Requirement:
Reproduce, exactly and only, the lines of the data that follows from the one containing "21148 Large Neutral" down to the one containing "Minimalist Shibui meets", without pictures.

Provided data:
+++
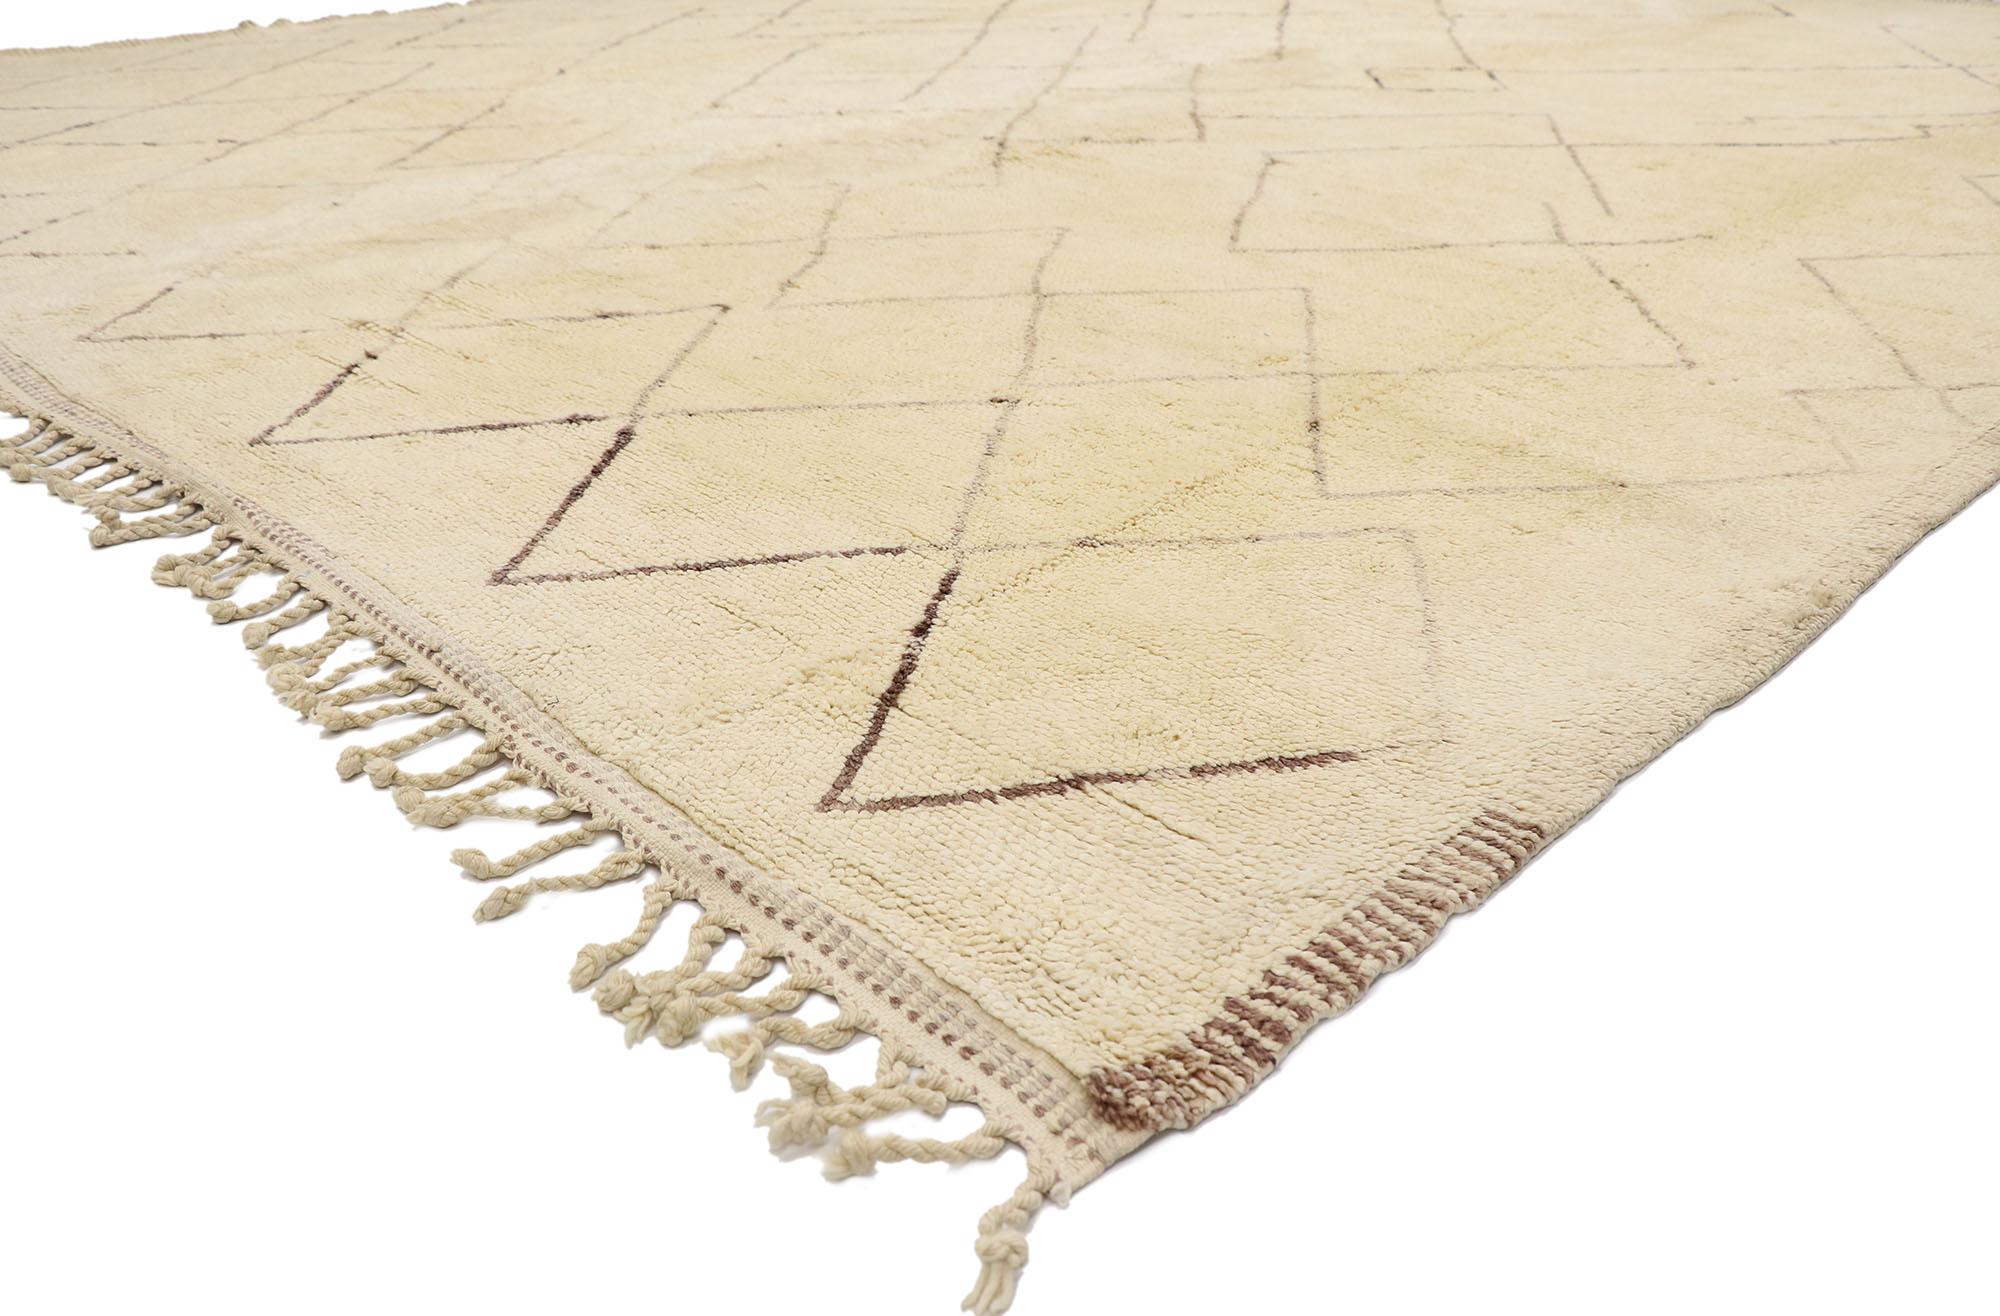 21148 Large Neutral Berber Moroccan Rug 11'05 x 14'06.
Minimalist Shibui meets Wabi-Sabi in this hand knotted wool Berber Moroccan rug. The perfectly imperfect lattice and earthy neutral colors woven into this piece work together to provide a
+++
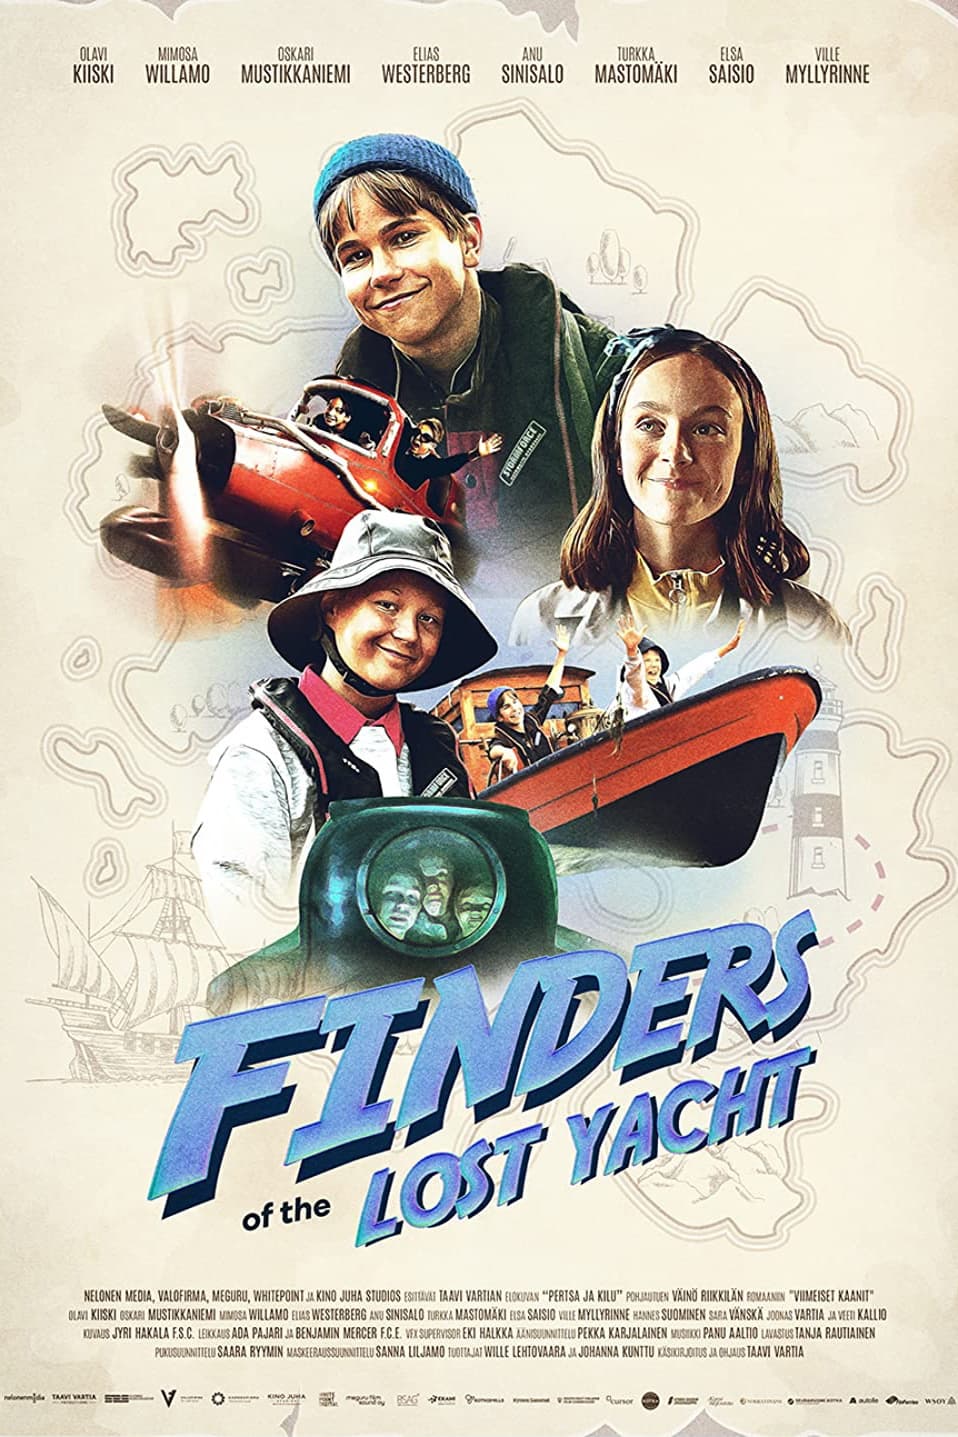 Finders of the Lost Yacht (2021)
+++
Response below:
 21148 Large Neutral Berber Moroccan Rug 11'05 x 14'06.
Minimalist Shibui meets Wabi-Sabi in this hand knotted wool Berber Moroccan rug. The perfectly imperfect lattice and earthy neutral colors woven into this piece work together to provide a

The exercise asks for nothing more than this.